Figure 7.2: A box plot for the mvscores data, drawn with ggplot2. Here, we’ve mapped colour to captain, and the ‘blocking’ variable innings to the x-axis. This helps draw attention to the within block comparisons.

7.1.3 Comparing histograms

labels <- c(no = "Not played as captain", yes = "Played as captain")

ggplot(data = na.omit(mvscores), aes(x = runs, y = ..density..)) +
  geom_histogram(binwidth = 10, center = 5, fill = "white", col = "black") +
  facet_wrap(~ captain, labeller = labeller(captain = labels)) +
  labs(x = "runs scored")
Using `facets` to align plots corresponding to different groups. This can look a little neater than our previous (simple) attempt using `par(mfrow = c(1, 2)`, as we don't need quite so much axis labelling.

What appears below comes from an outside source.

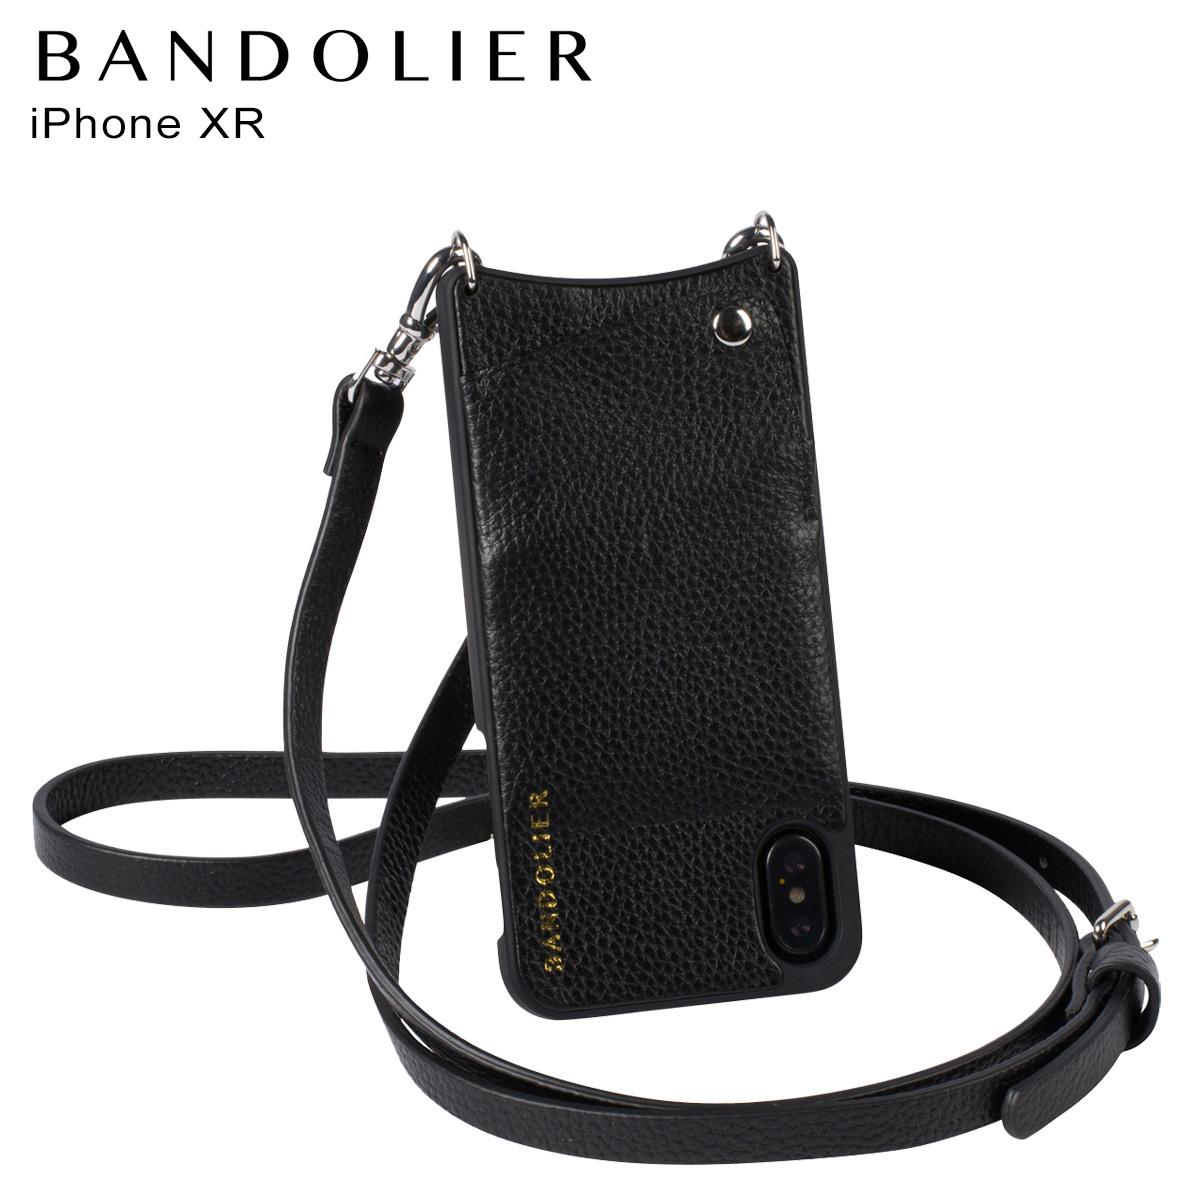 BANDOLIER バンドリヤー iPhone XR ケース ショルダー スマホ アイフォン レザー EMMA SILVER メンズ レディース ブラック 10EMM1001 [4/18 再入荷]

Figure 7.3: Using facets to align plots corresponding to different groups. This can look a little neater than our previous (simple) attempt using par(mfrow = c(1, 2), as we don’t need quite so much axis labelling.

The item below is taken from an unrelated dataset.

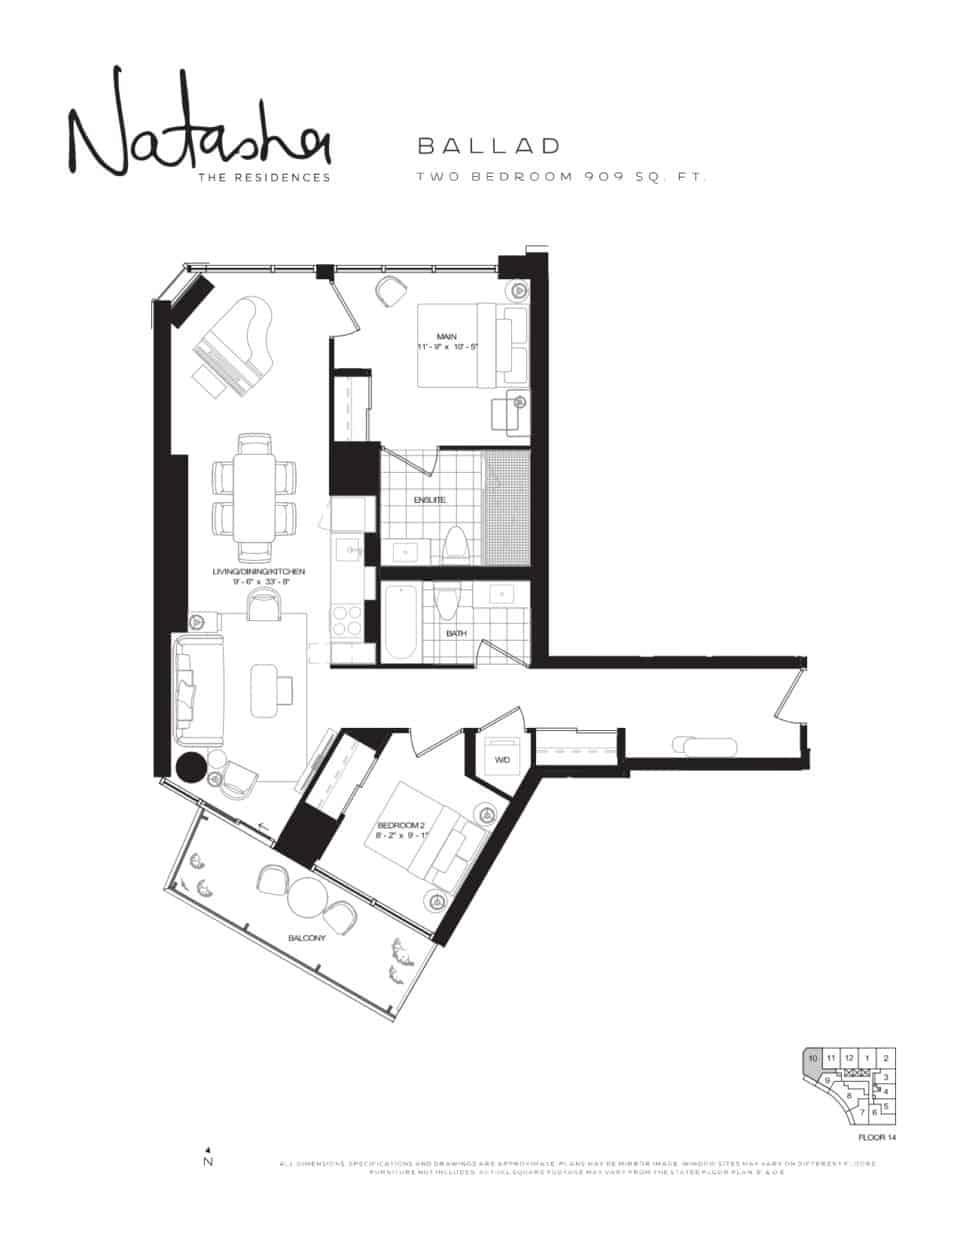 2021 09 02 11 01 56 natashatheresidences lanterradevelopments floorplans ballad

7.1.4 Scatterplot with log axis

ggplot(data = medals, aes(x = population / 1000000, y = total))+
  geom_point() + 
  scale_x_log10(breaks = c(1, 10, 100, 1000)) + 
  labs(x = "population (millions)", y = "total number of medals won") 
A scatter plot with a log axis.

Figure 7.4: A scatter plot with a log axis.

7.1.5 Bar chart

ggplot(data = inequality, aes(x = factor(country,
                                         levels = country[order(gini)]),
                              y = gini)) + 
  geom_col(fill = "grey") + 
  coord_flip() + 
  geom_hline(yintercept = c(0.1, 0.2, 0.3, 0.4), col = "white") +
  labs(y = "gini coefficent", x = "") + 
  theme_classic() +
  theme(axis.line=element_blank())
A 'Tufte-style' bar chart. Note that to order the bars, we can't simply reorder the rows in the dataframe (as last time): we need to create a new `factor` variable, with the levels specified in the order that we want to plot.

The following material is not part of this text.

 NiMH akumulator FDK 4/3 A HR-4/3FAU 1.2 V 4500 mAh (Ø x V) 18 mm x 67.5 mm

Figure 7.5: A ‘Tufte-style’ bar chart. Note that to order the bars, we can’t simply reorder the rows in the dataframe (as last time): we need to create a new factor variable, with the levels specified in the order that we want to plot.

7.2 plotly

With plotly, we can produce interactive graphics, where, for example, we can hover the cursor over points to get more information. Here, we produce a scatterplot, where hovering the cursor over a point will display the model of car (the row name in the mtcars dataframe).

library(plotly)
plot_ly(mtcars, x = ~wt, y =~mpg, 
        type = 'scatter',
        mode = 'markers',
        hoverinfo= 'text',
        text = ~rownames(mtcars))

Figure 7.6: An interactive plot, drawn with plotly. Try hovering the mouse over individual points, as well as dragging the mouse to zoom in.

References

Chang, Winston. 2013. R Graphics Cookbook. Farnham: O’Reilly.